## Work to be completed
What is needed is an exact copy of the lines in the entries below from the one holding "Набор игровой Человек-Паук" through the one holding "Bài 4. Sử dụng các hàm để tính toán trang 4", pictures excluded.

## Record excerpts
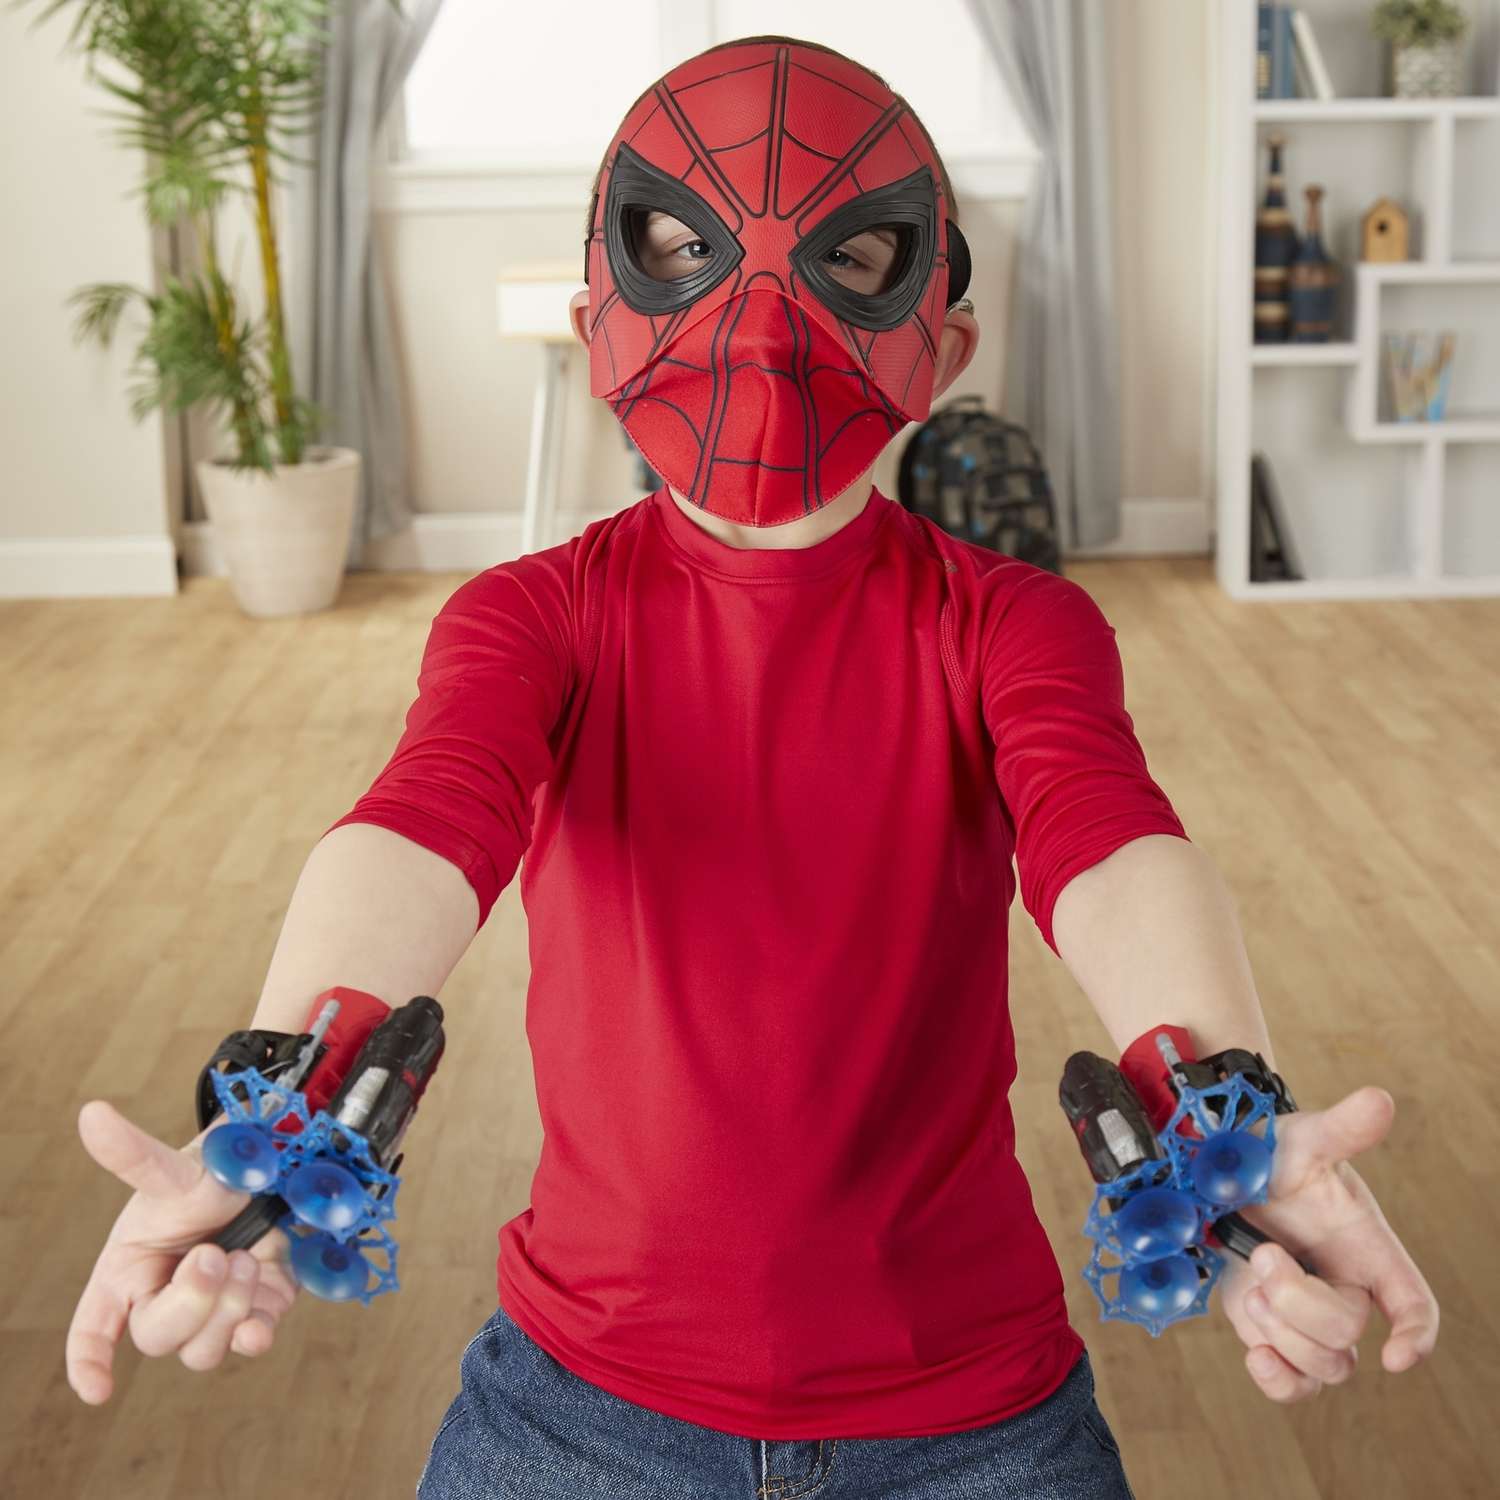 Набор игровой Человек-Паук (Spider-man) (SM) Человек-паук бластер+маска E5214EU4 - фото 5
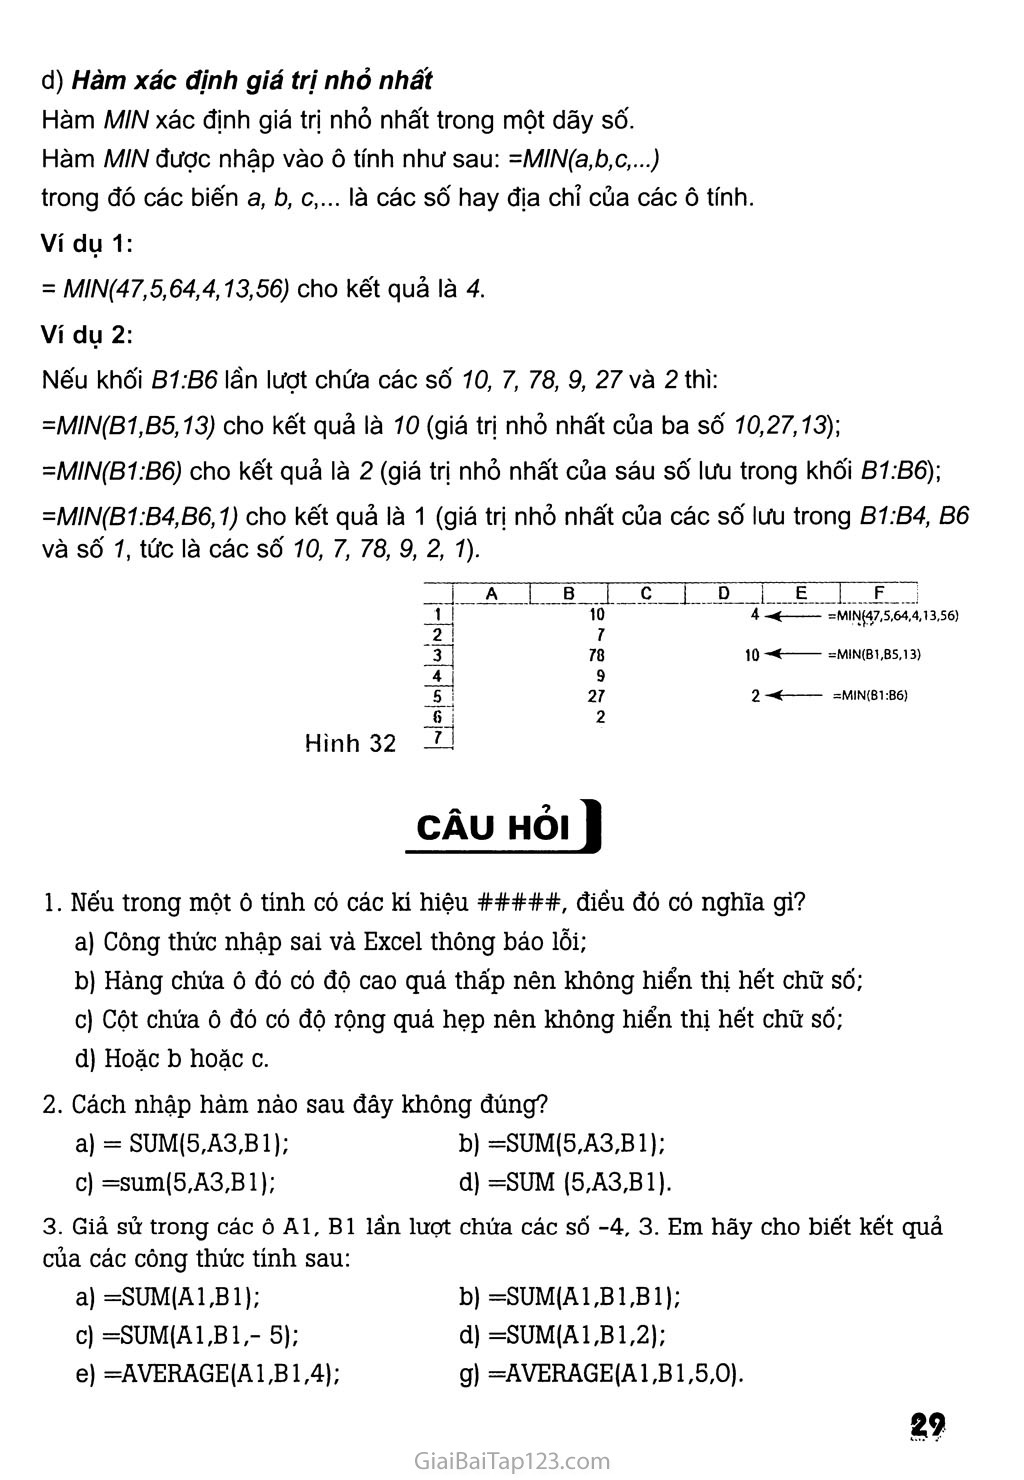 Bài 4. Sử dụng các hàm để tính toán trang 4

--

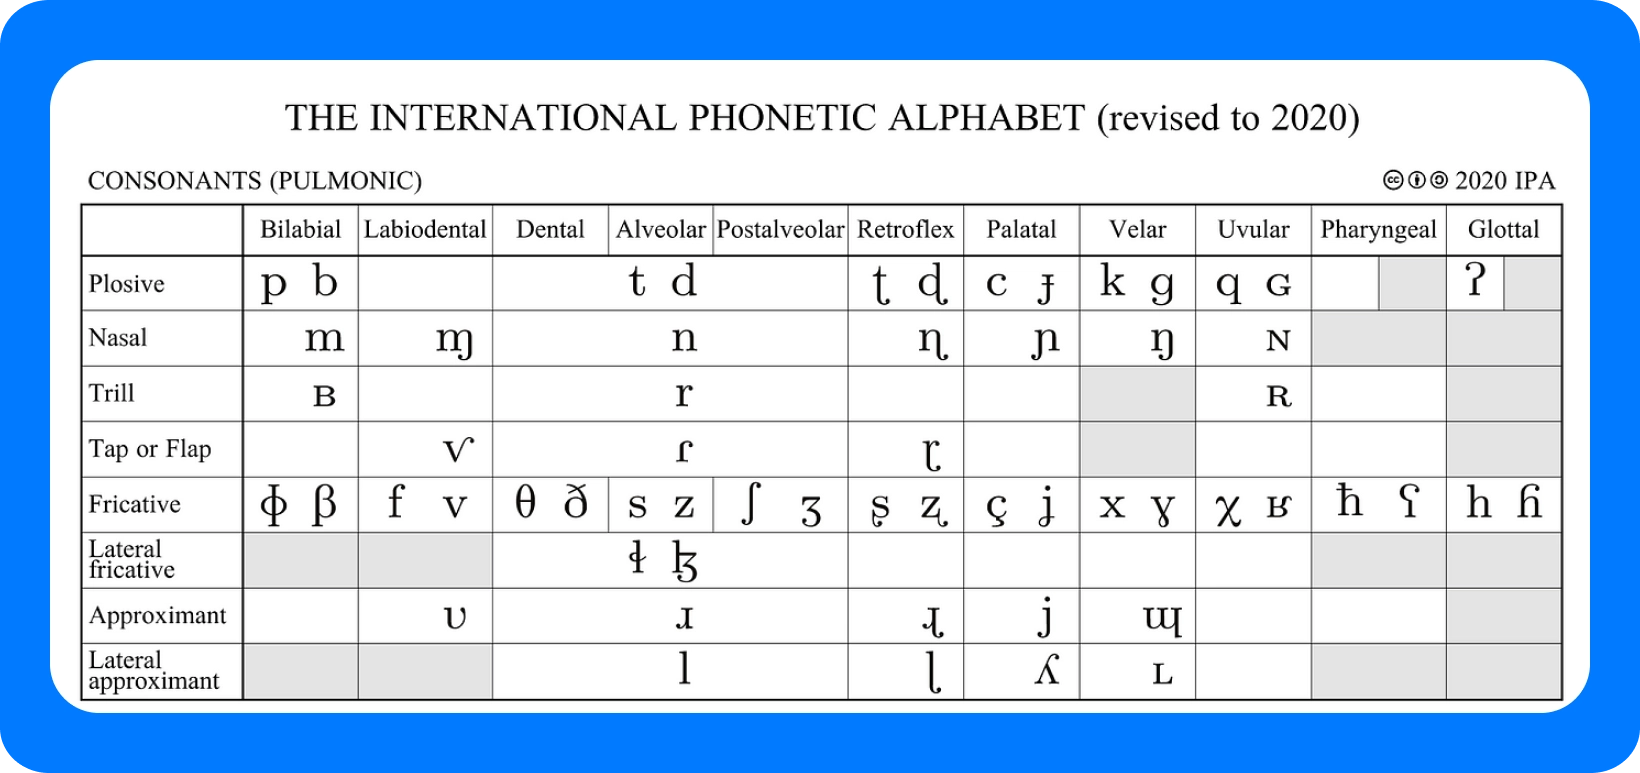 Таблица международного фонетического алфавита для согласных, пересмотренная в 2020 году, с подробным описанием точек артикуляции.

## Exercise output
 Набор игровой Человек-Паук (Spider-man) (SM) Человек-паук бластер+маска E5214EU4 - фото 5
 Bài 4. Sử dụng các hàm để tính toán trang 4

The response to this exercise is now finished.